Most Kiwis living there have been unable to join the military because of a requirement to have citizenship or at least permanent residency.

But some have now exploited a loophole that allowed people who have lived in Australia before 1994 to gain a Resident Return Visa.

This gave them the permanent residency required to seek a position in the Australian Defence Force (ADF).


An expat who has been striving for eight years to enlist in the Australian Army says it is a small step in the campaign for full equality for 700,000 New Zealanders living in Australia.

Duncan Sandilands - a former New Zealand territorial soldier who was born in Feilding and now lives in Perth - was finally invited to sit an entrance test by the ADF's recruitment services this month after being granted a return visa last year.

In a letter to Mr Sandilands, Australian Assistant Defence Minister Stuart Robert said the requirement for soldiers to be Australian citizens - or permanent residents applying for citizenship - would not change.

But Mr Sandilands, 54, believes there is now a glimmer of hope for any expat Kiwi who wants to serve their adopted country.

"The ADF cannot alienate people who have grown up in Australia by saying they have no right to help defend your country. It is against what Anzac stands for," he said.

Mr Sandilands' initial frustration with being excluded from the ADF was deepened by his family's rich Australian history.
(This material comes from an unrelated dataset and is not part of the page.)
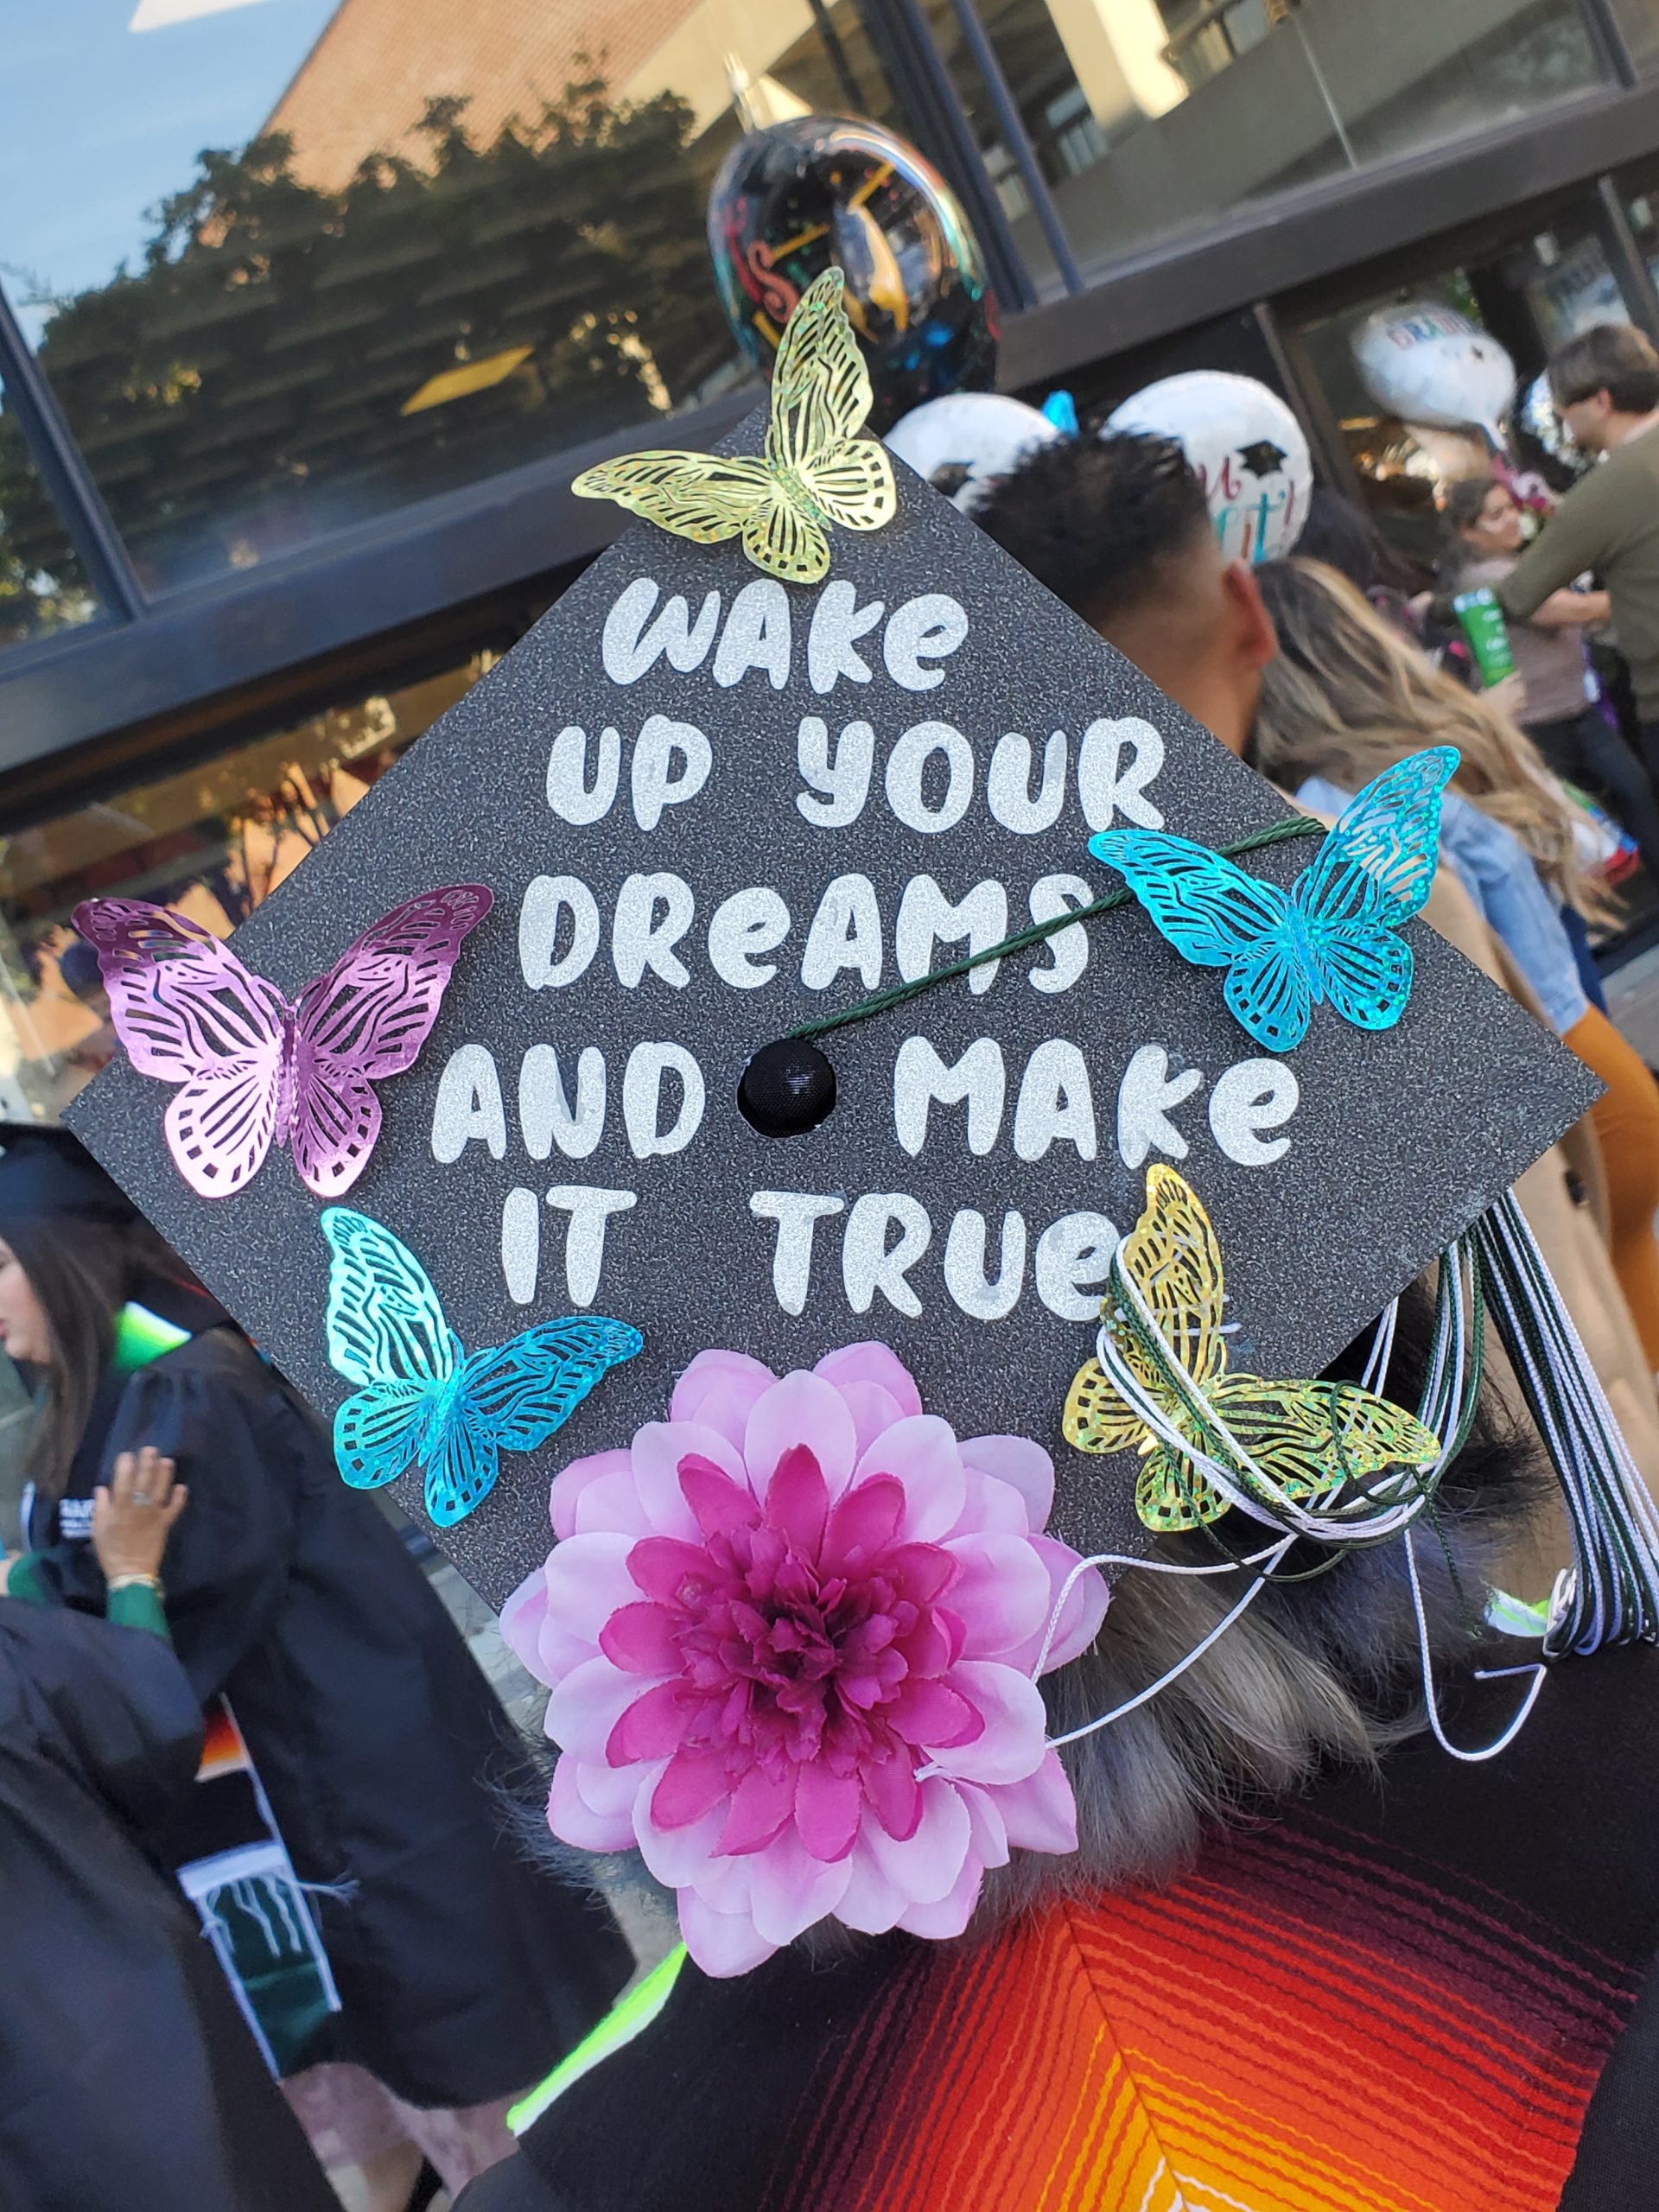 A graduation cap with the words "Wake up your dreams and make it true" glued on the top, along with paper butterflies and a flower

His great-grandfather was Lord Mayor of Melbourne and his grandfather fought with Australian troops at Gallipoli.

He was delighted by his potential recruitment to the Australian forces but said many more expats were still prevented from enlisting.

A law change in 2001 blocked New Zealanders who arrived after that date from getting access to permanent residency and the privileges that come with it. These privileges include access to social security and other support services, and the right to enlist in the armed forces.


Mr Sandilands said: "Some children were brought over at 4 years old, educated as an Australian, and on Anzac Day stand in front of the flag and sing the national anthem in memory of the fallen Anzacs.

"And when they turn 18 and want to join the army they will be told to go back to New Zealand. It's like being told to go back to Russia - the child has no affiliation with New Zealand whatsoever."

Prime Minister John Key has raised the issue of discrimination with his counterpart, Tony Abbott.

Why can't some expat Kiwis join the Australian Defence Force?

Only citizens or permanent residents who have applied for citizenship can join the ADF. Many New Zealanders moved to Australia after February 2001, when a law change blocked expats from getting permanent residency.

Why are some Kiwis now getting a chance to join the ADF?

A rule change in 2013 allowed New Zealanders who had lived in Australia before September 1994 to get a Resident Return Visa. This meant these expats were eligible to serve in the military.

Why is this important?

Expats are hoping for an end to discrimination against Kiwis in Australia. Many are still unable to enlist in the army because of the 2001 law change, and they cannot get access to social security or other support services.

How many people does this affect?

There are around 700,000 New Zealanders living in Australia, and 200,000 of them arrived after 2001.